▶ Task item: The full listing, minus its pictures, should be printed again exactly as it stands.

▶ Supplied material:
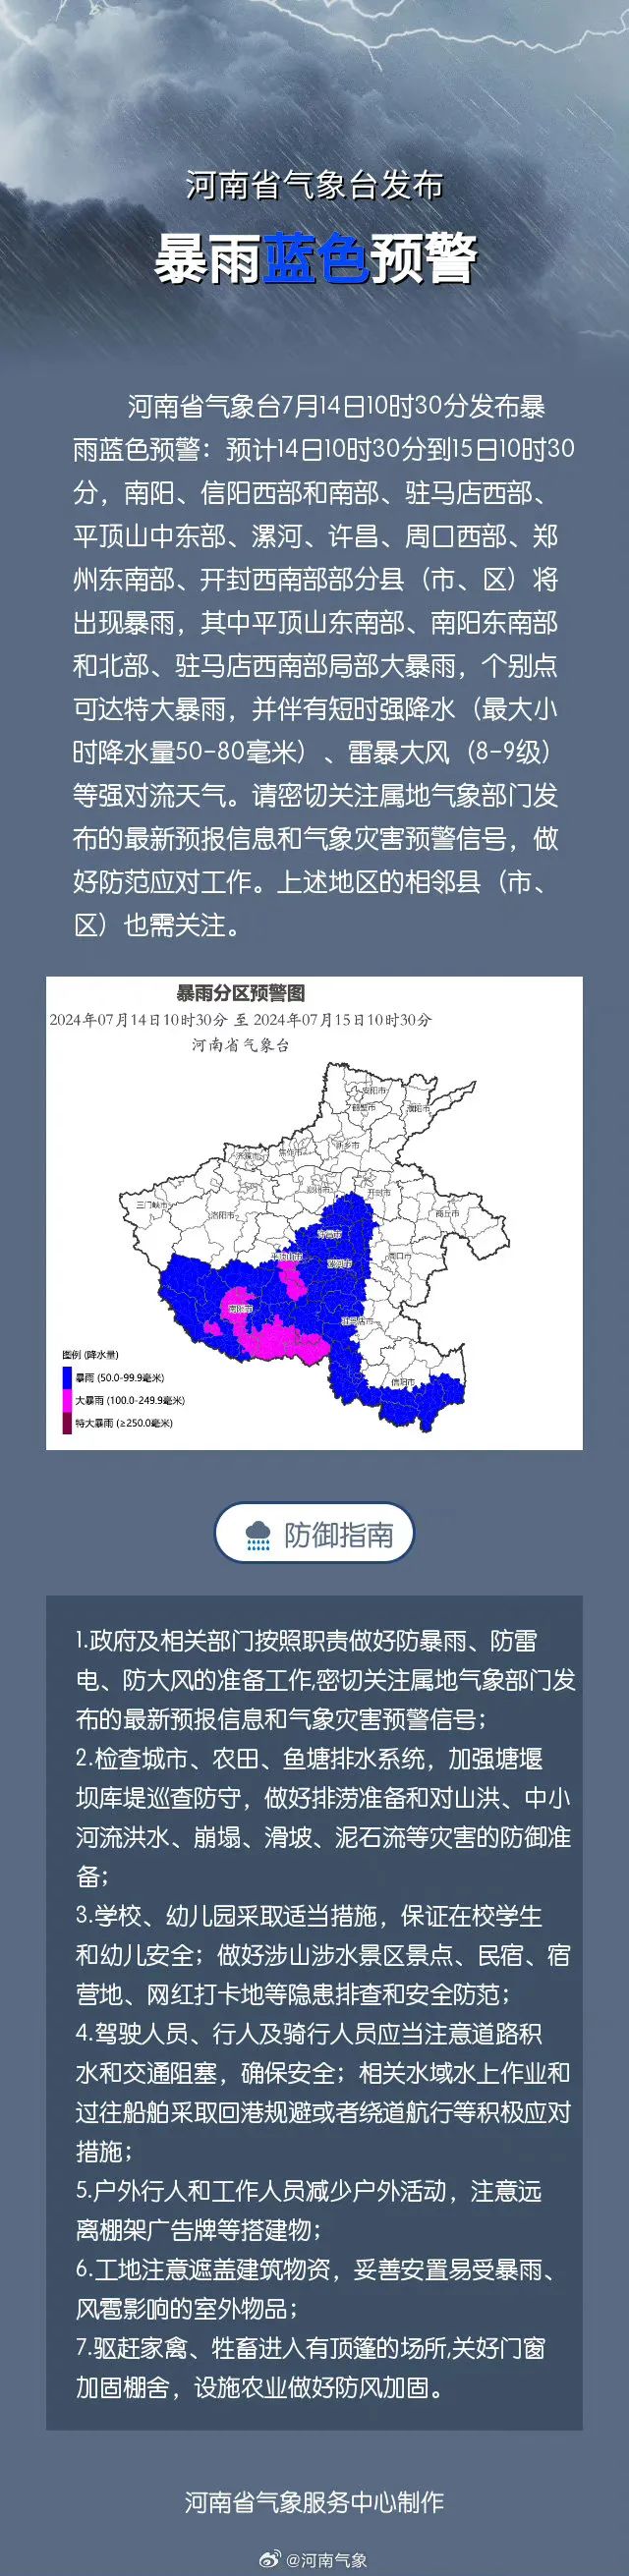 郑州未来天气预报累计雨
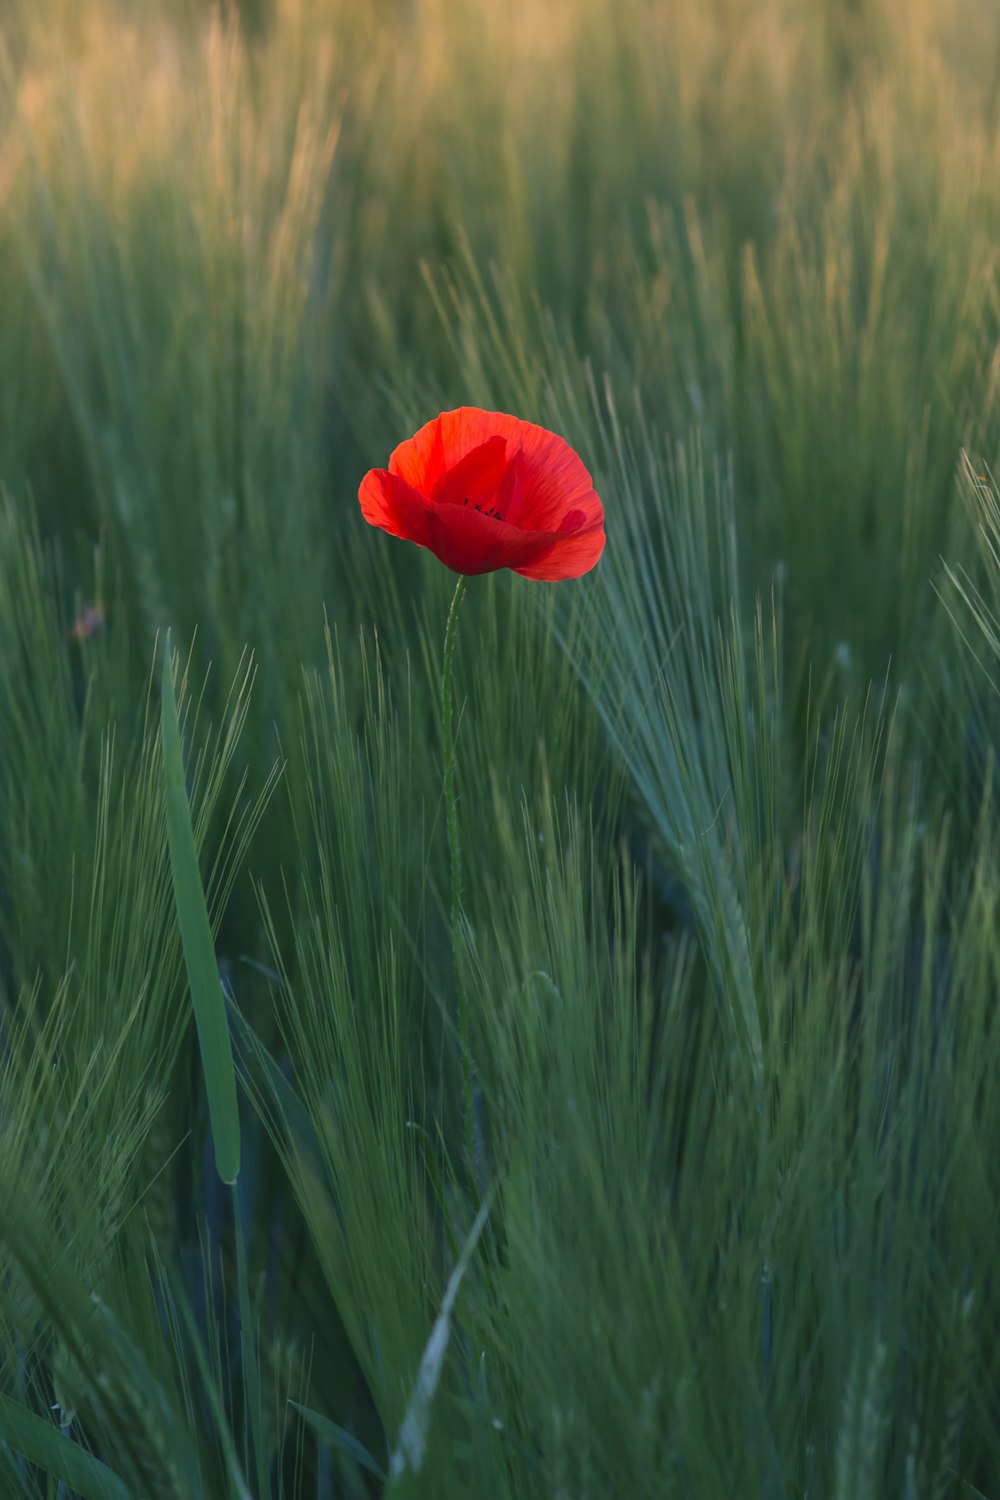 fiore rosso in mezzo alle erbe verdi
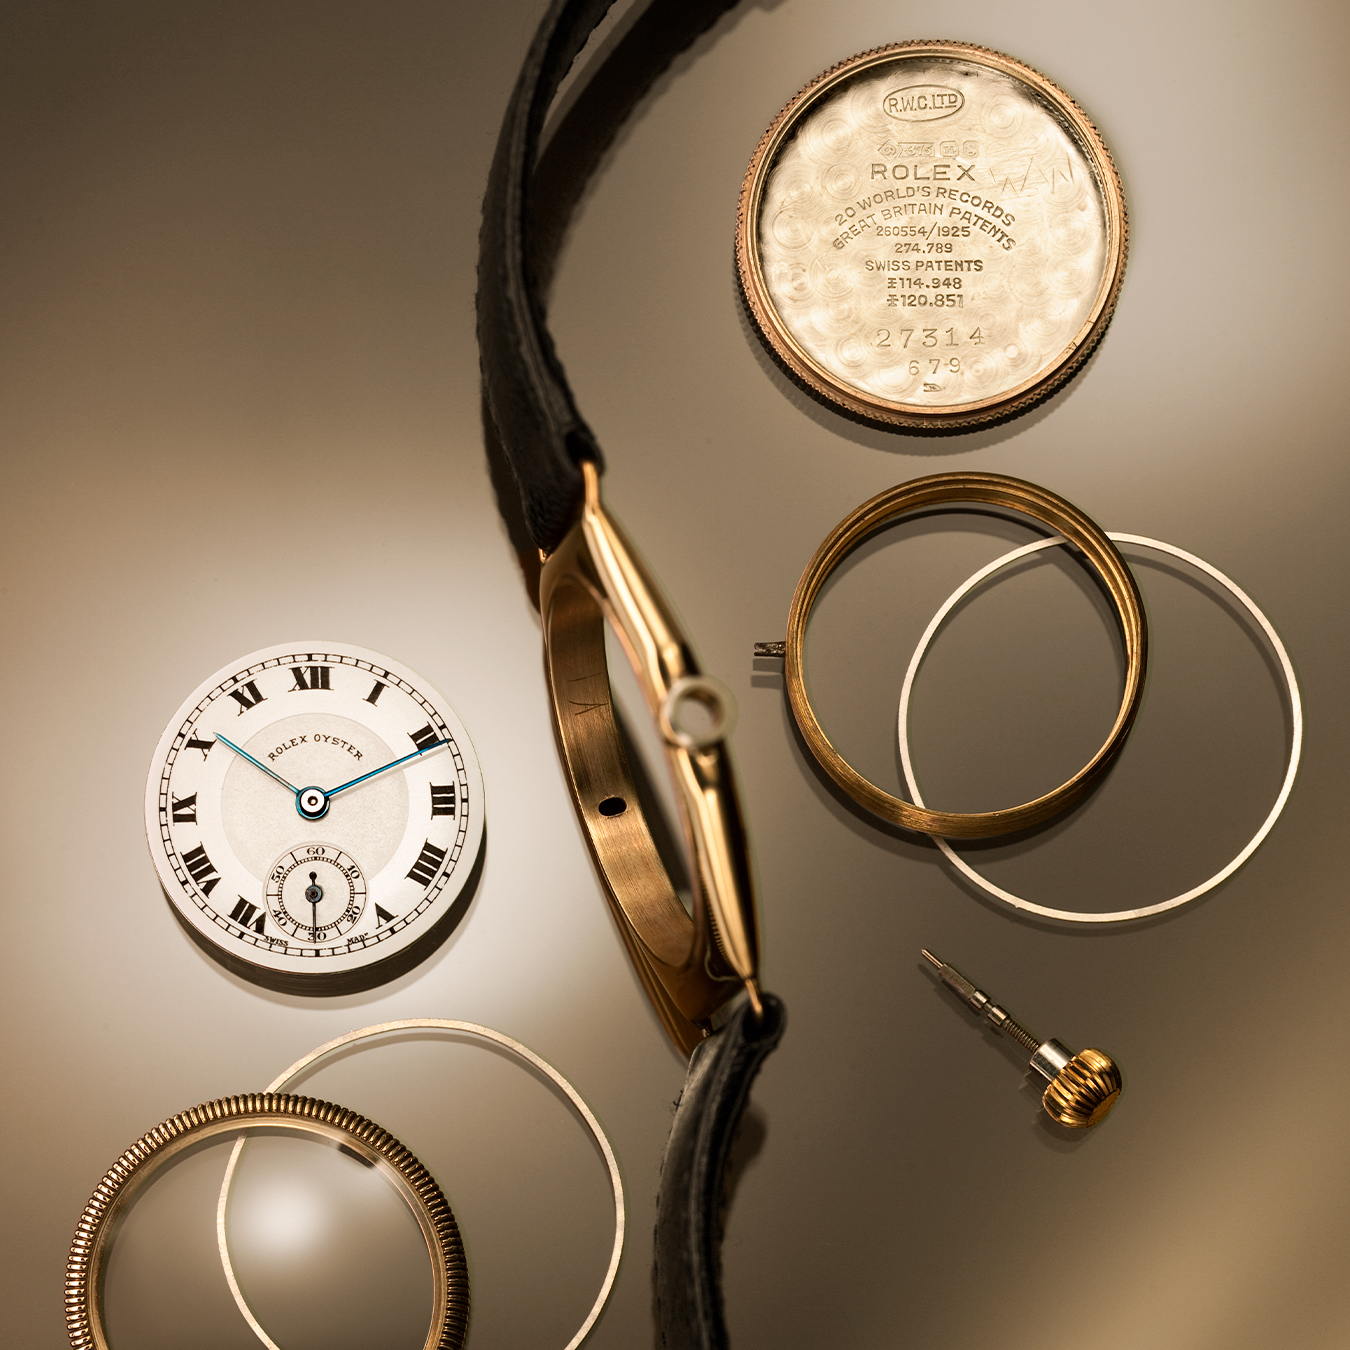 Universo Rolex reloj despiece

▶ Exercise output:
 郑州未来天气预报累计雨
 fiore rosso in mezzo alle erbe verdi
 Universo Rolex reloj despiece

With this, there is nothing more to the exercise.